Late Weaning Effect on the Sow
Getting a good farrowing rate and increased litter sizes is correlated with shorter wean to 1st service interval. The time between weaning and the sow’s first cycle is dependent on many factors, one of them being pigs’ age at weaning. The sooner a weaned female returns to heat, the more fertile she is and the more eggs she will shed, thus improving litter size. As weaning age increases, days to cycle should decline. This occurs because the hormone levels triggering estrus decline as the lactation length increases.
Figure 2. Relationship between lactation length and litters per year. Adapted from King. Considerations at weaning time. University of Guelph Swine Extensions.
Industry benchmarking systems find that there is considerably less variation in the farms that are over 30 PW/MF/Y regardless of wean age. This suggests that weaning age shouldn’t be completely dependent on how many litters a sow can produce per year. Rather the focus should be on raising a solid number of quality piglets that will not only make it to weaning, but also perform inthe nursery and finishing periods.

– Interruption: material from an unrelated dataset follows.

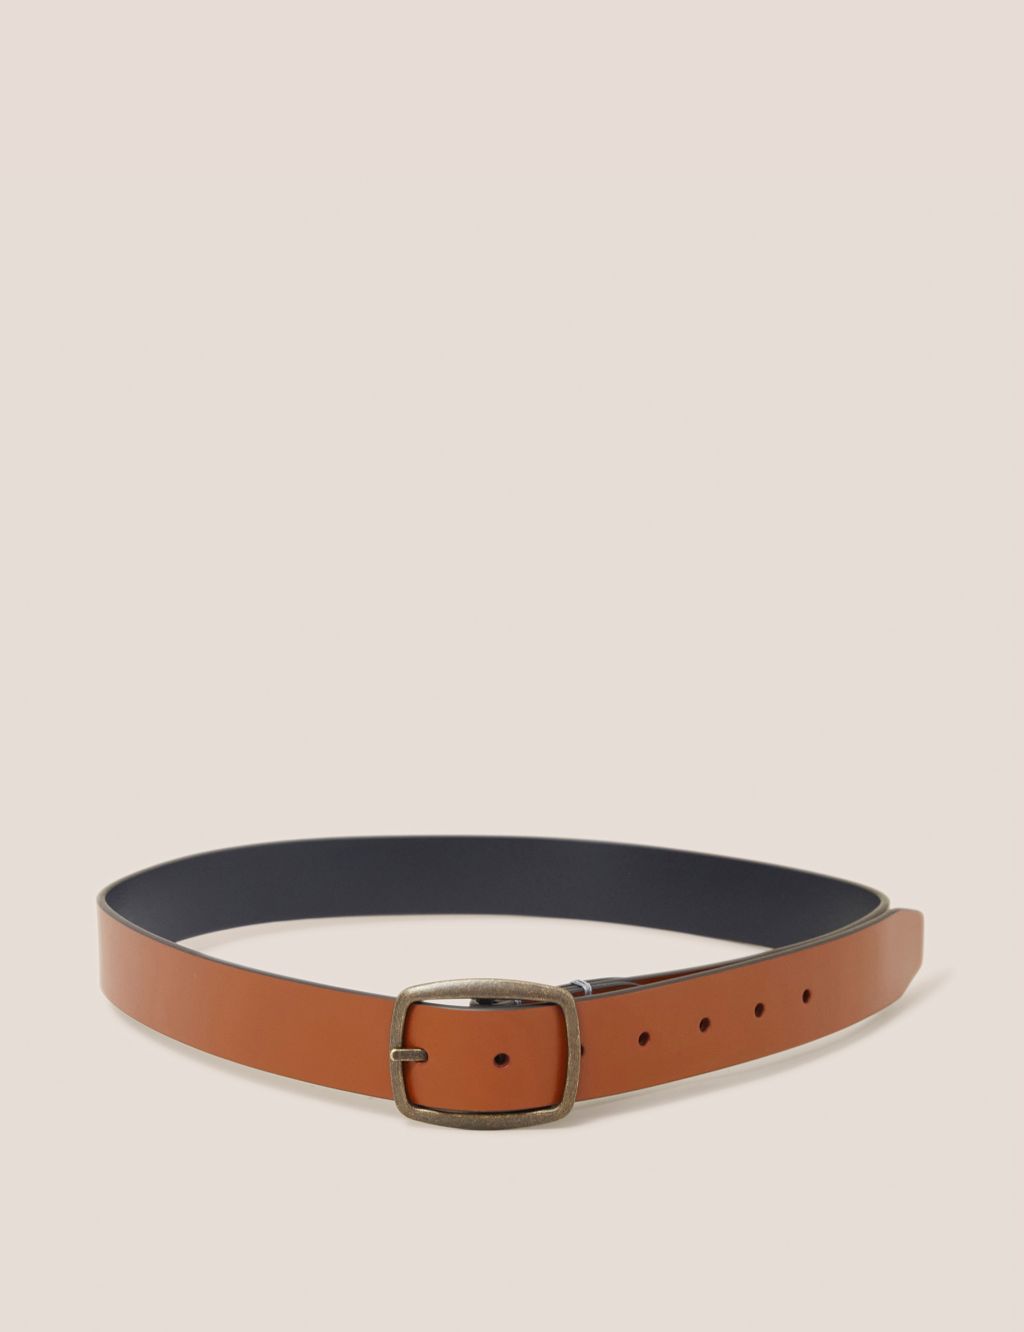 Leather Reversible Belt image 1

Weaning age for Fast Genetics pigs
With our genetics, we find that both the sow and piglets perform best when weaning age is between 19 and 22 days. This allows the sow’s reproductive tract enough time to recover for a successful pregnancy and short wean to service interval. It also takes advantage of increased TB, ADG, G:F, and pre-wean mortality performance measures in weaned piglets.
As stated above, any successful program, regardless of genetics, requires that it is tailored to your farm’s environment, nutrition program, and management style.